This particular build has been the longest build I have tried so far, and has taken me over two months to both order and get parts, some of which where not yet available (IMR cells), plus some pending work/proijects on my own “shop”. The build was very interesting since there were several questions to consider, including what LED configuration, what reflector to use, what power source, regulated or direct drive (and the efficiency of each solution), etc.. 

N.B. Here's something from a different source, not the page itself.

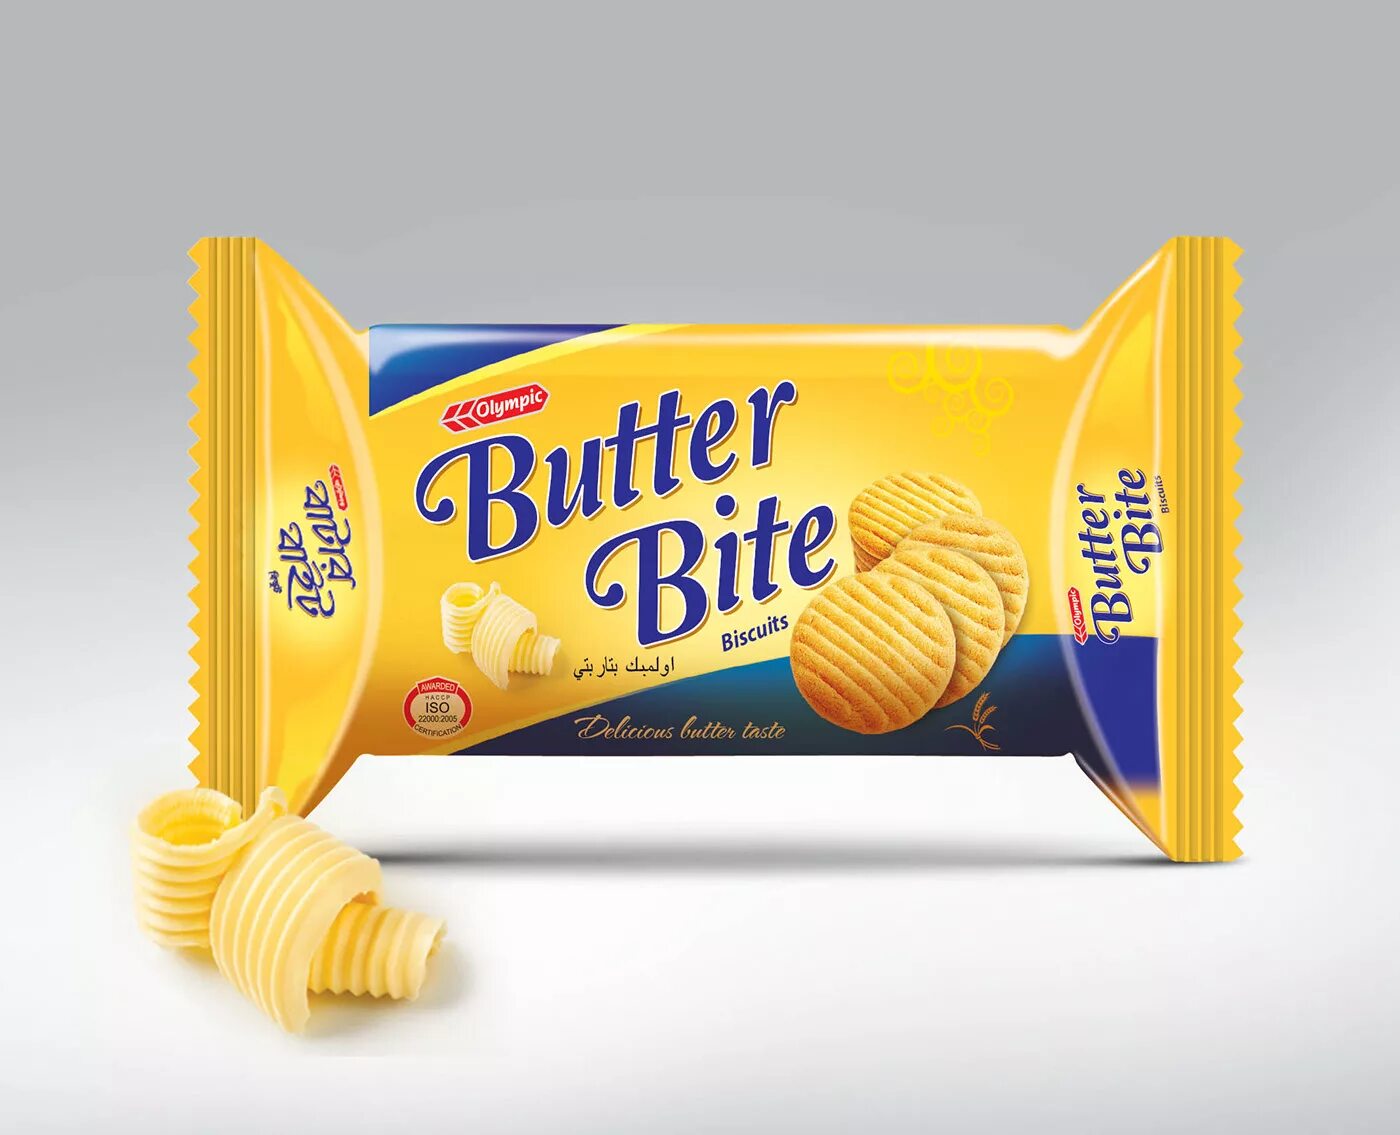 Печенье в упаковке. Дизайн упаковки печенья. Печенье Butter. Bite печенье упаковка. Butter roll cookie

Although I had all of the ideas and steps mentally in my head before I started, I don't pre-plan every single step: I would work on one part, then think how I want to do the next one, sometimes trying something and then abandoning it for something else (here you see only the steps that worked out, otherwise it would have been even more photos for the rejects!). 

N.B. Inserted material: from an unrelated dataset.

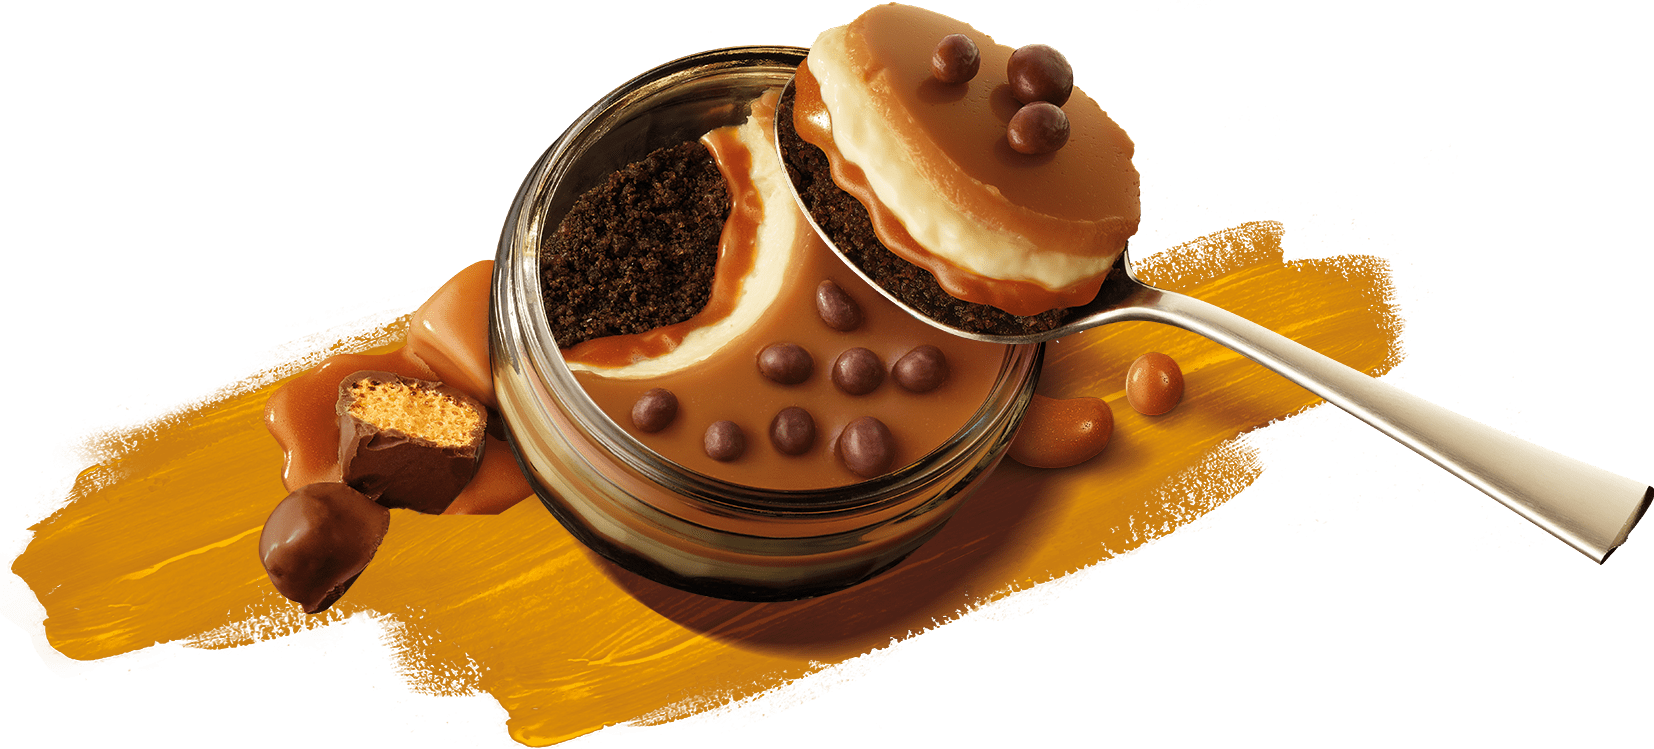 Chocolate & Honeycomb

For this solution, I had seen a reflector that I felt would work great, so I started by ordering a triple reflector from Deal Extreme in Asia:







Of course the reflector does not fit on the head (too wide), but it seemed to focus well with a couple of the LED's I tried, so I decided to try ordering some MC-E's to see how it could work. Since Javier said he wanted something really bright, I ordered "M" bin MC-E's, which of course meant waiting additional time as these came from Asia. I still had the challenge of the cells, and how to drive the MC-E's, since the AW LiIon cells have not been available for some time, and the IMR26500 cells were not quite available just yet. I though about using a single A123 cell (two can't fit length-wise in my initial idea), and I even bought an "F" size cell, but it was too wide for the body, so that was eliminated as an option. 

The challenge was that I want to deliver about 2.8-3Amps to each emiter, but I only have either 1x or 2x LiIon cells to work with. I wanted a higly efficient solution for the power source, and although I love the hipCC (and I will be building some current regulated Barbo lights using this driver in the fture), the hipCC is a buck driver maxed at 2.8A, so nothing was working out well to power the LED's at max. 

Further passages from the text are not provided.